Daardoor echter mist zijn werk goeddeels het doel, vooral bij hen, wier partijdigheid teregtwijzing en wederlegging meest noodig maakte. - En zulks had hier vooral plaats mogen hebben, daar de heer Siegenbeek aanstonds partij trekt, met Oldenbarnevelt reeds in den aanhef van zijn stuk een: ‘achtbaar en doorluchtig martelaar van Staat’ te noemen, aanvangt met zich als ware het als partij te stellen.
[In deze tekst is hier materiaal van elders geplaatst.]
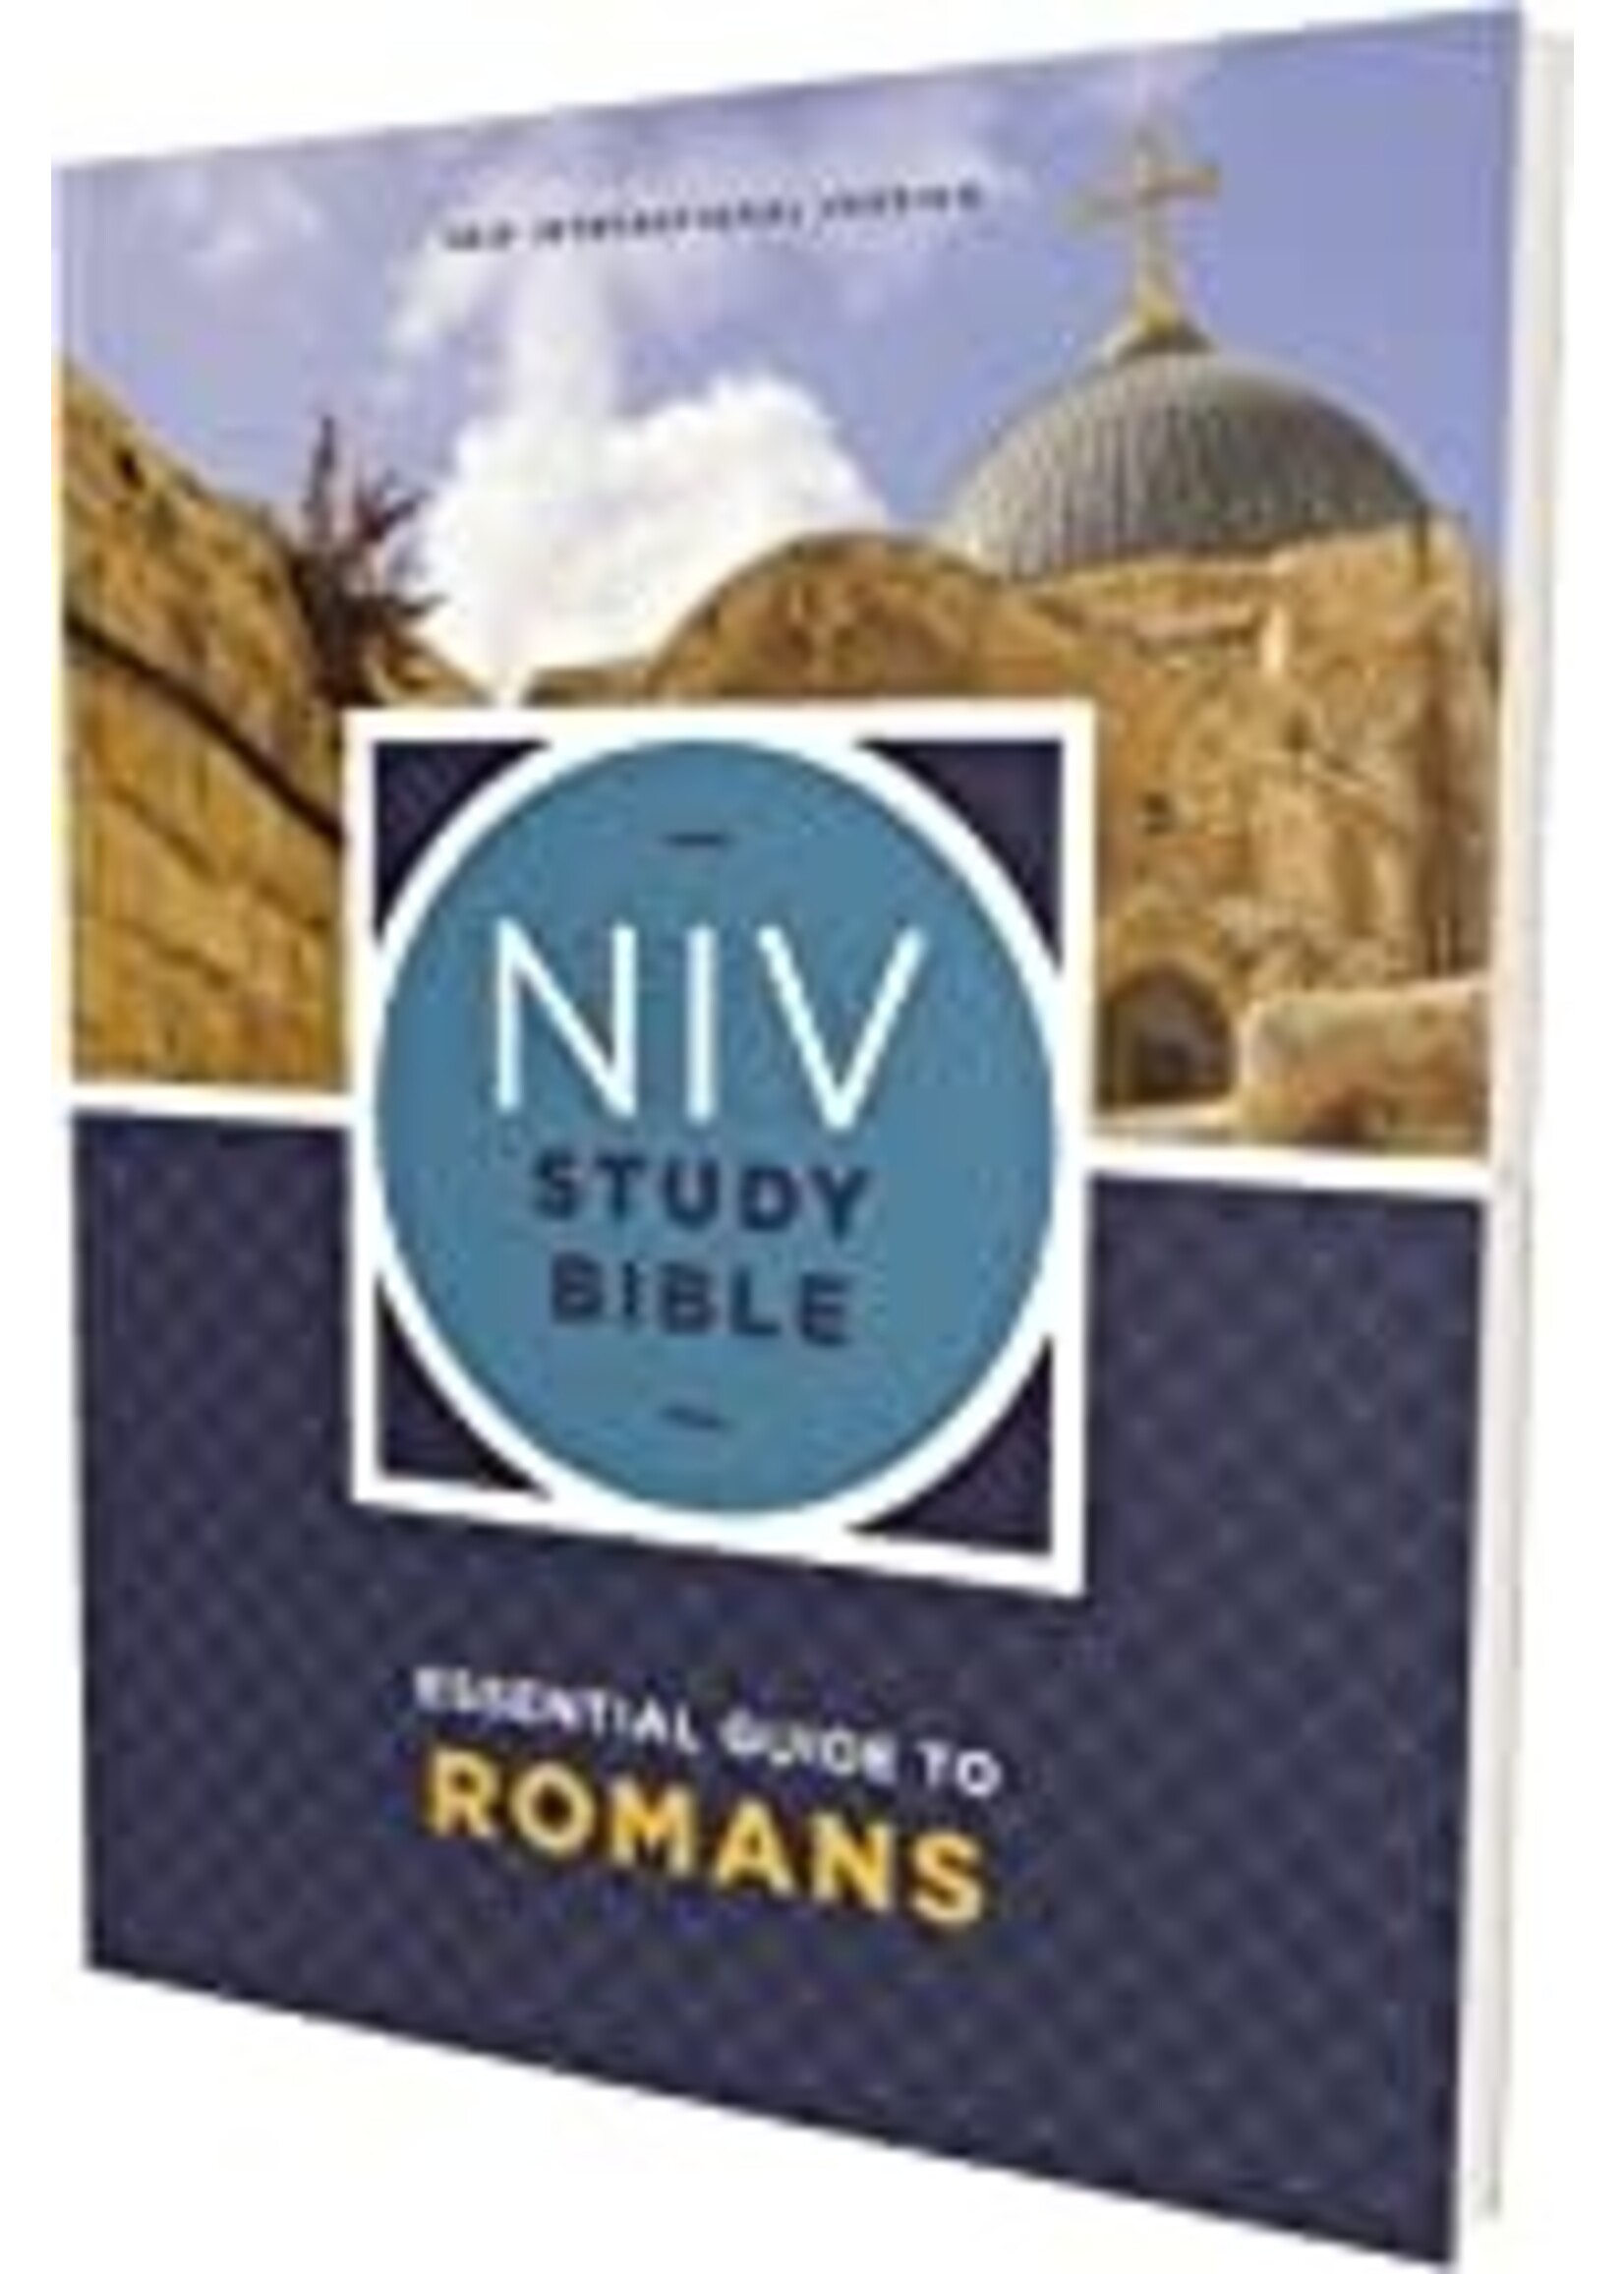 B-NIV STUDY BIBLE ESSENTIAL GUIDE T
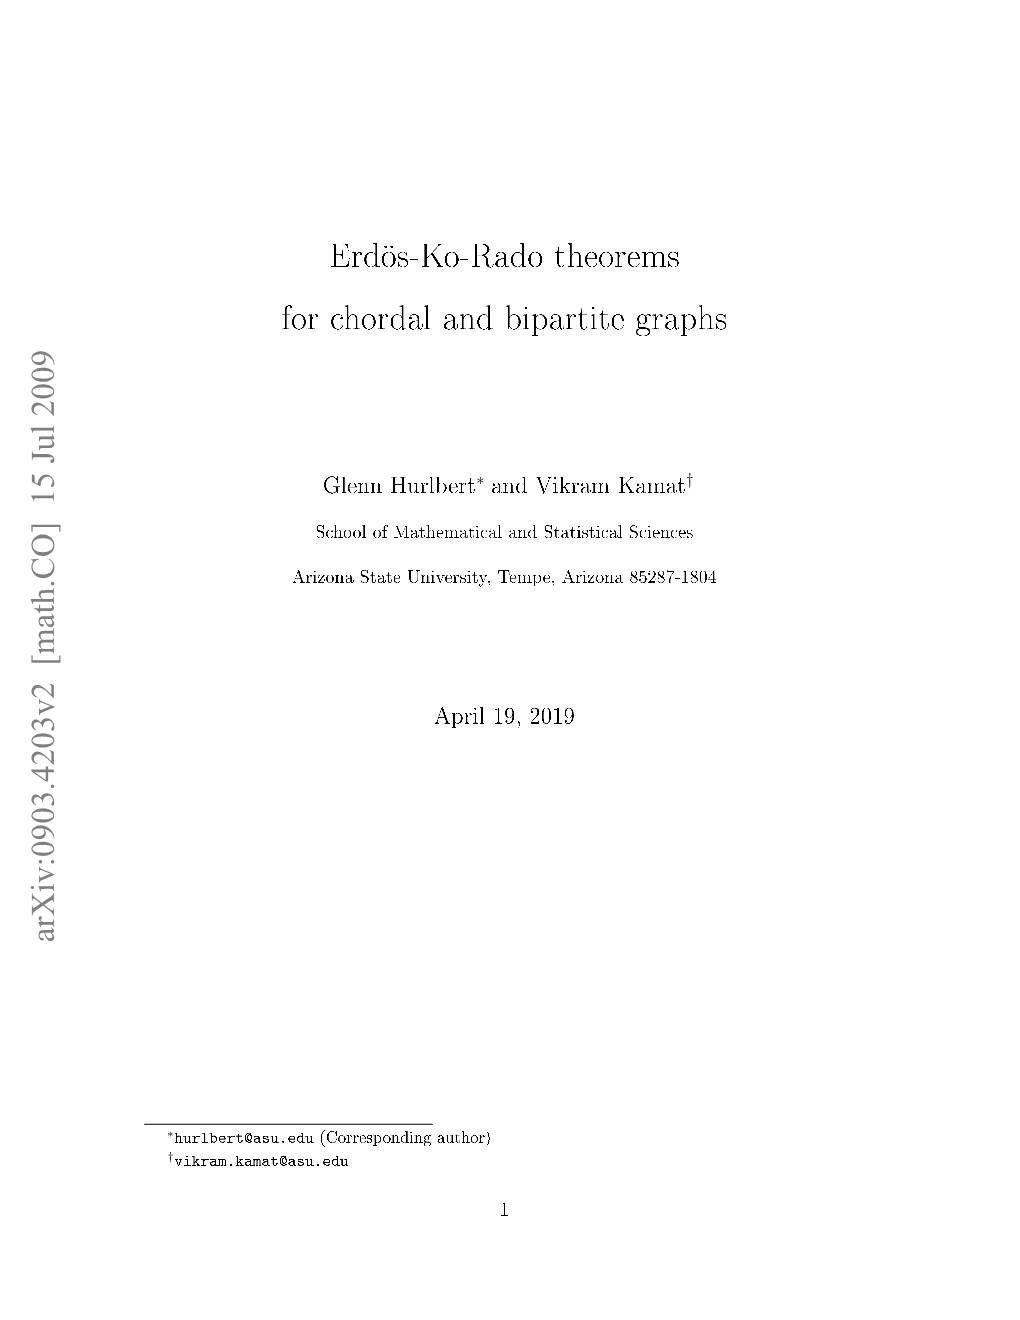 Erdös-Ko-Rado Theorems for Chordal and Bipartite Graphs Arxiv

Bijzonder daarom zouden wij volledigheid hebben gewenscht. Bij martelaarschap toch denken wij ja aan een lijden voor overtuiging of beginsel in het algemeen, maar in het bijzonder aan een lijden voor eene reine, ja heilige zaak, terwijl wij, waar dit niet of niet ten volle het geval is, liever van slagtoffers spreken.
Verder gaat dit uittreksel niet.